Derivative of trace-based linear scalar field

101 Views Asked by At

I'm just getting into matrix calculus, so this question might be really easy for you guys out there. I'm trying to understand some of the simpler derivations in The Matrix Cookbook. I've been looking at derivatives of the trace predominantly. The following formulas are given:

$$ \frac{\delta}{\delta X} {\rm Tr}(XA) = A^T $$

$$ \frac{\delta}{\delta X} {\rm Tr}(AX^T) = A $$

I can't completely reproduce these example though. When I try to take the derivative with a small example manually, I always get $A$.

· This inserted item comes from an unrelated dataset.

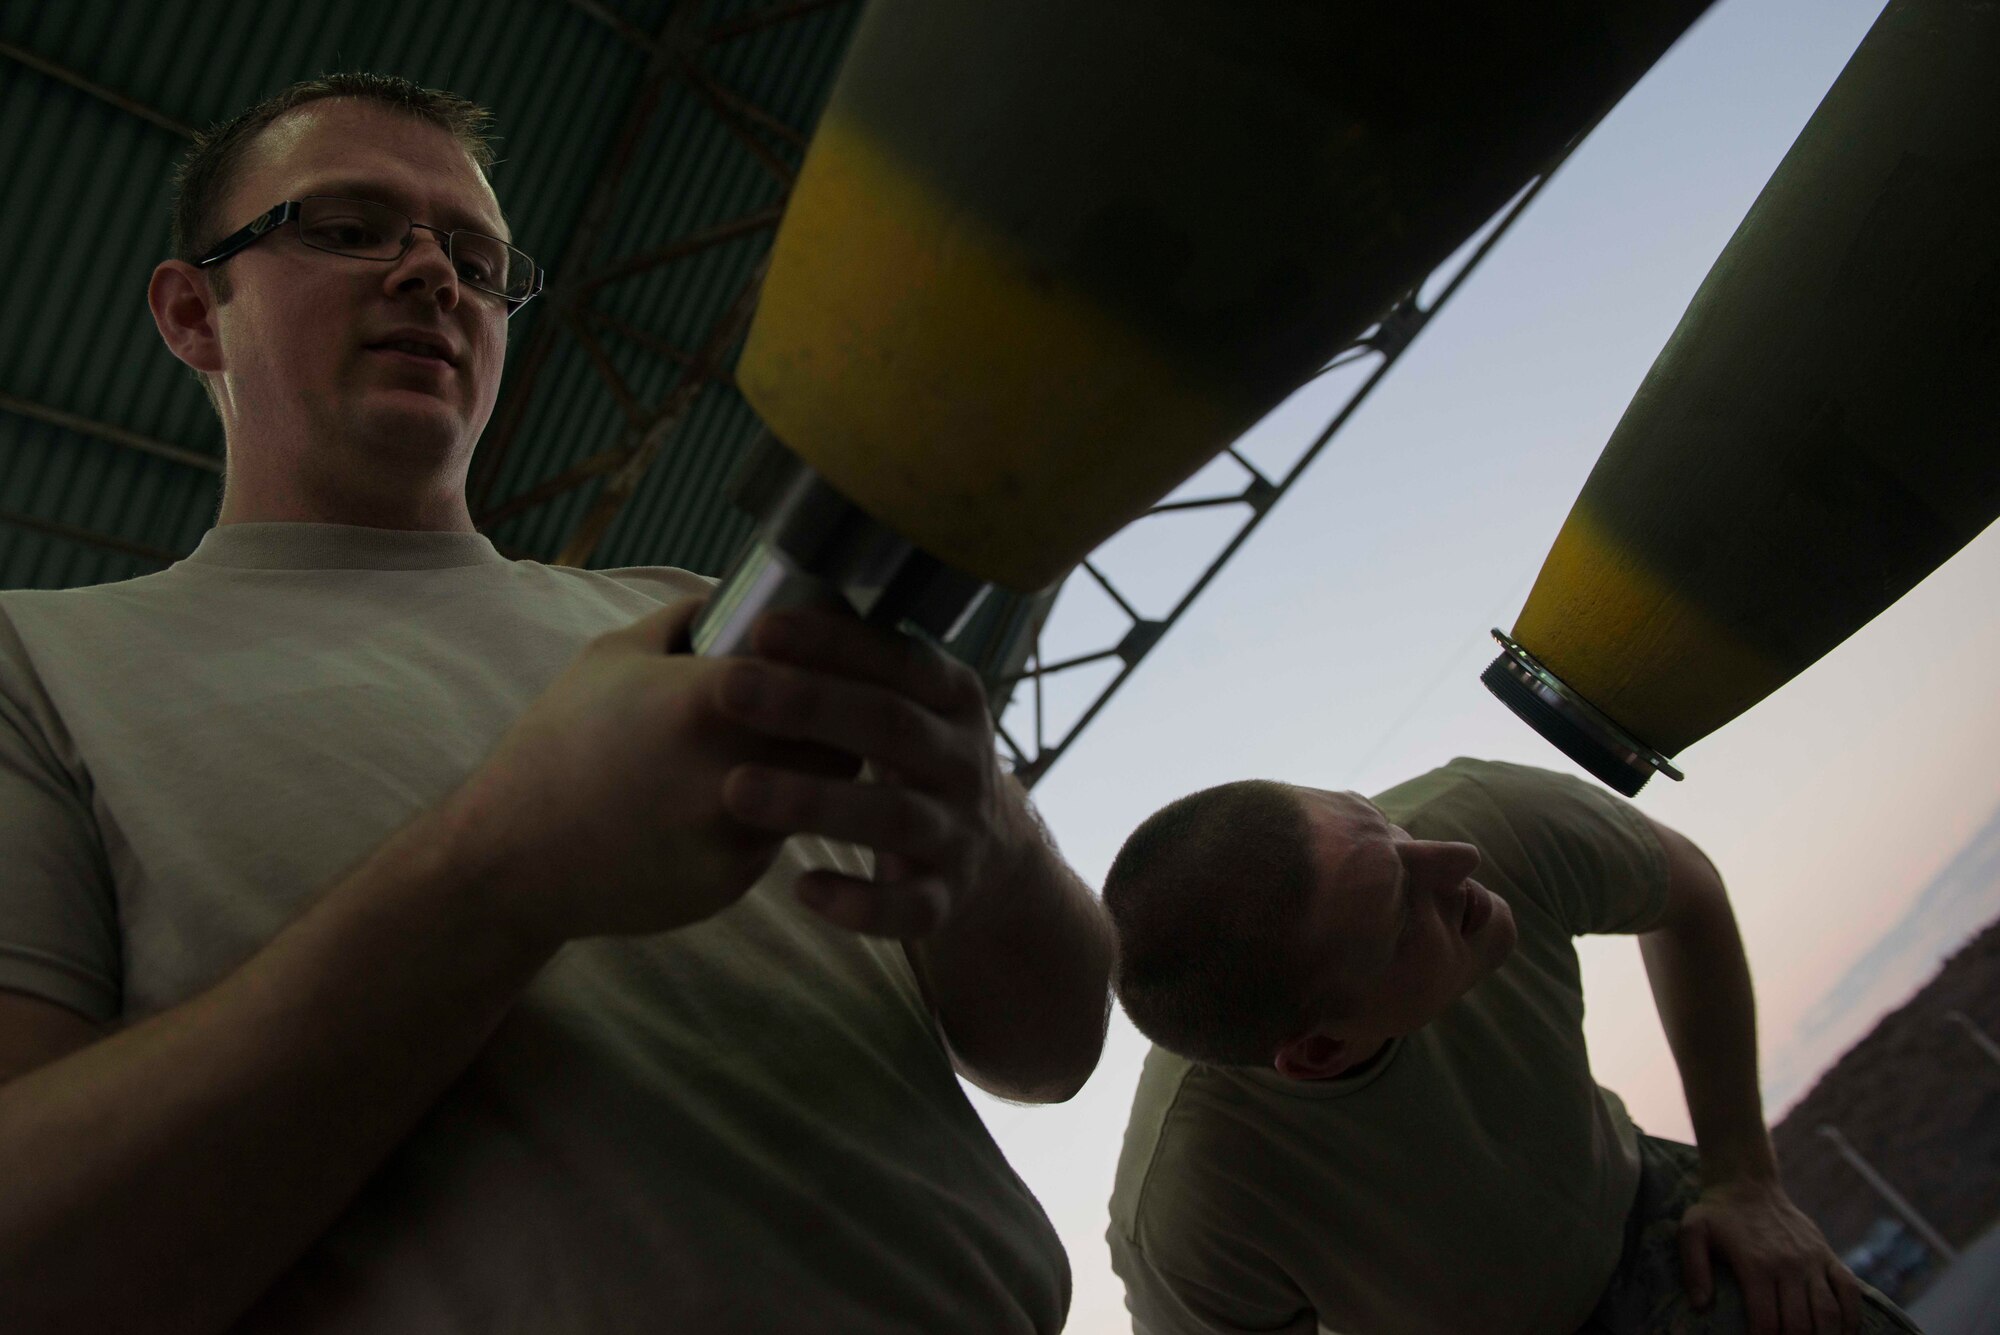 U.S. Air Force Tech. Sgt. Andrew Danielson (left) and Staff Sgt. Shadrach Mchargue, 447th Expeditionary Aircraft Maintenance Squadron munitions systems specialists, prepare GBU-12 Paveway II laser-guided bombs for transport Aug. 8, 2016, at Incirlik Air Base, Turkey. Upon completion, munitions are transported to either aircraft or storage. (U.S. Air Force photo by Senior Airman John Nieves Camacho)

\begin{align} \frac{\delta}{\delta X} {\rm Tr}\left( \begin{bmatrix} x_1 & x_2 \\ x_3 & x_4 \end{bmatrix} \begin{bmatrix} a_1 & a_2 \\ a_3 & a_4 \end{bmatrix} \right) &= \frac{\delta}{\delta X} {\rm Tr}\left( \begin{bmatrix} a_1x_1 + a_3x_2 & a_2x_1 + a_4x_2 \\ a_1x_3 + a_3x_4 & a_2x_3 + a_4x_4 \end{bmatrix}\right) \\ &= {\rm Tr}\left( \begin{bmatrix} \begin{bmatrix} a_1 & a_2 \\ 0 & 0 \end{bmatrix} & \begin{bmatrix} a_3 & a_4 \\ 0 & 0 \end{bmatrix} \\ \begin{bmatrix} 0 & 0\\ a_1 & a_2 \end{bmatrix} & \begin{bmatrix} 0 & 0 \\ a_3 & a_4 \end{bmatrix} \end{bmatrix} \right)\\ &= \begin{bmatrix} a_1 & a_2 \\ a_3 & a_4 \end{bmatrix} \end{align}

\begin{align} \frac{\delta}{\delta X} {\rm Tr}\left( \begin{bmatrix} a_1 & a_2 \\ a_3 & a_4 \end{bmatrix} \begin{bmatrix} x_1 & x_3 \\ x_2 & x_4 \end{bmatrix} \right) &= \frac{\delta}{\delta X} {\rm Tr}\left( \begin{bmatrix} a_1x_1 + a_2x_2 & a_1x_3 + a_2x_4 \\ a_3x_1 + a_4x_2 & a_3x_3 + a_4x_4 \end{bmatrix}\right) \\ &= {\rm Tr}\left( \begin{bmatrix} \begin{bmatrix} a_1 & 0 \\ a_3 & 0 \end{bmatrix} & \begin{bmatrix} 0 & a_2 \\ 0 & a_4 \end{bmatrix} \\ \begin{bmatrix} a_1 & 0\\ a_3 & 0 \end{bmatrix} & \begin{bmatrix} 0 & a_2 \\ 0 & a_4 \end{bmatrix} \end{bmatrix} \right)\\ &= \begin{bmatrix} a_1 & a_2 \\ a_3 & a_4 \end{bmatrix} \end{align}

I'm sorry if the notation is wrong and thanks for your help.

2

There are 2 best solutions below

3
On BEST ANSWER

$\def\p{\partial} \def\m#1{ \left[\begin{array}{r}#1\end{array}\right] }$ Before you start differentiating, you must reduce the trace to a scalar expression.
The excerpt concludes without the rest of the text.